As Lukies said, they are very separate issues. The NFT as a sign of value – as something to mark a digital good as authentic or an original copy — makes an awful lot of sense. “This becomes a mark, or a stamp of value to something,” he explained. “It won’t be the first the last example of someone attempting to set the value of something digital and hoping it will rise.”

And while Lukies can foresee this being a boon to the world of digital art collecting, he doesn’t see it necessarily being a boost for bitcoin or other cryptocurrencies, no matter how much crypto boosters seem to claim as much. That’s because bitcoin remains a solution to a problem that most people don’t have in their payment system, he explained. If consumers aren’t also speculating on the price of the currency itself, it adds nothing but an additional layer of complexity without a tangible reward.

“There is nothing more powerful than an idea whose time has come. That said, I’m not sure there’s anyone out in the street today saying, ‘how am I going to feed my kids without my bitcoin?’” Lukies noted.

A Second Look For The Overlooked 

Returning to the topics of banks and their future, Lukies said that rethinking their relationship and competition with FinTech is important to their future roadmap, but isn’t all of it. There are attitudes within organizations that need to shift, with payments offering a perfect place to start.

“The massive mistake people make in payments is looking at the cost of payments as the issue, rather than seeing all of the value that’s left on the table for bringing the eyeballs to the content in the first place,” Lukies said, noting how much opportunity is persistently untapped.

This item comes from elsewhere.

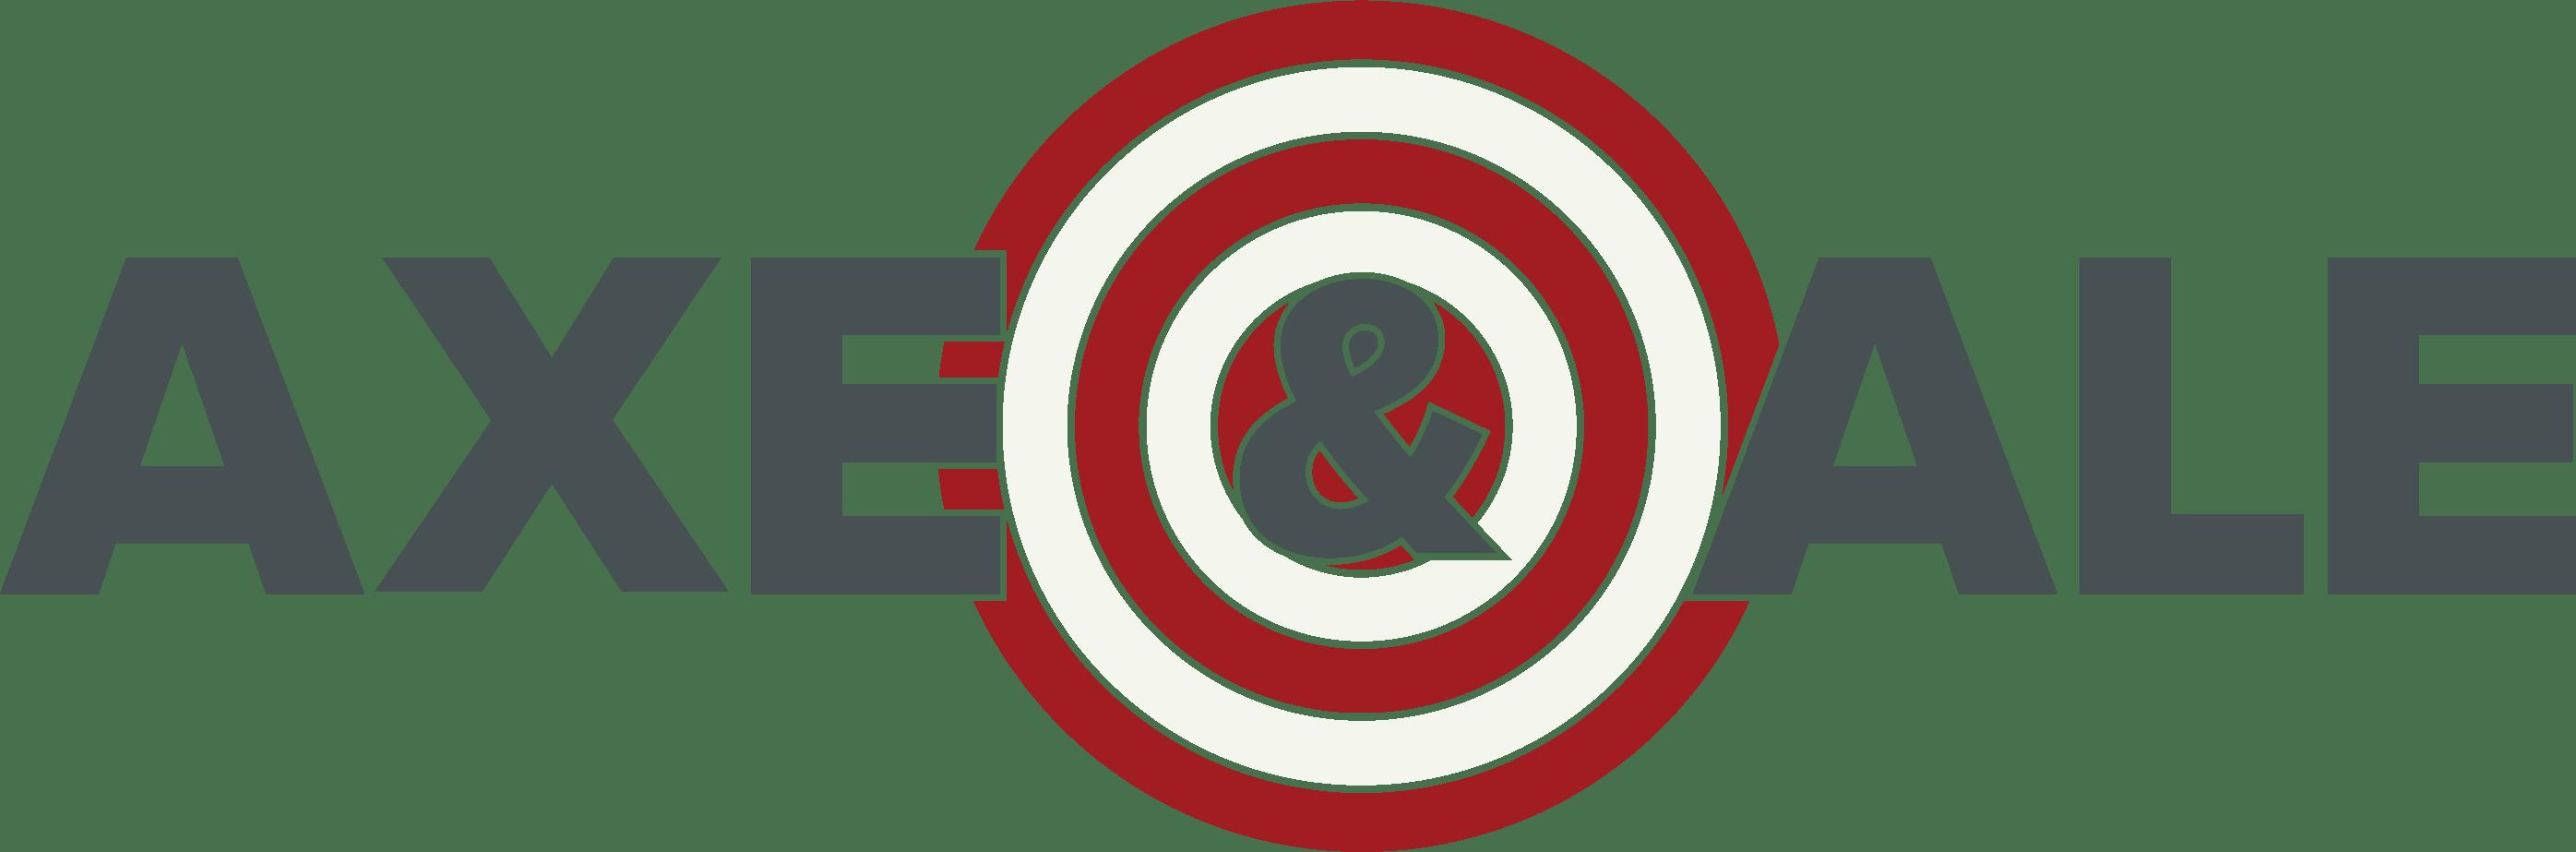 Axe and Ale Logo - Topeka, Kanasas

But he noted that banks also need to understand how to collaborate with each other. A decade ago, said Lukies, no bank wanted to talk to any other bank, for fear of becoming a takeover risk in the rapidly globalizing atmosphere. That era is over, and banks now need to realize they are no longer each other’s biggest competition and risk — that distinction now goes to the Amazons, Googles, Squares, DoorDashes and Apples of the world.

“If there are 10 banks who between them have 400 million consumers and 20 million small business customers, and they’re offering you access to that network, that’s a pretty compelling offer in the market,” Lukies said.

And it’s an offer that banks need to be able to make — which means their best bet is to work together to protect the ground they can still keep.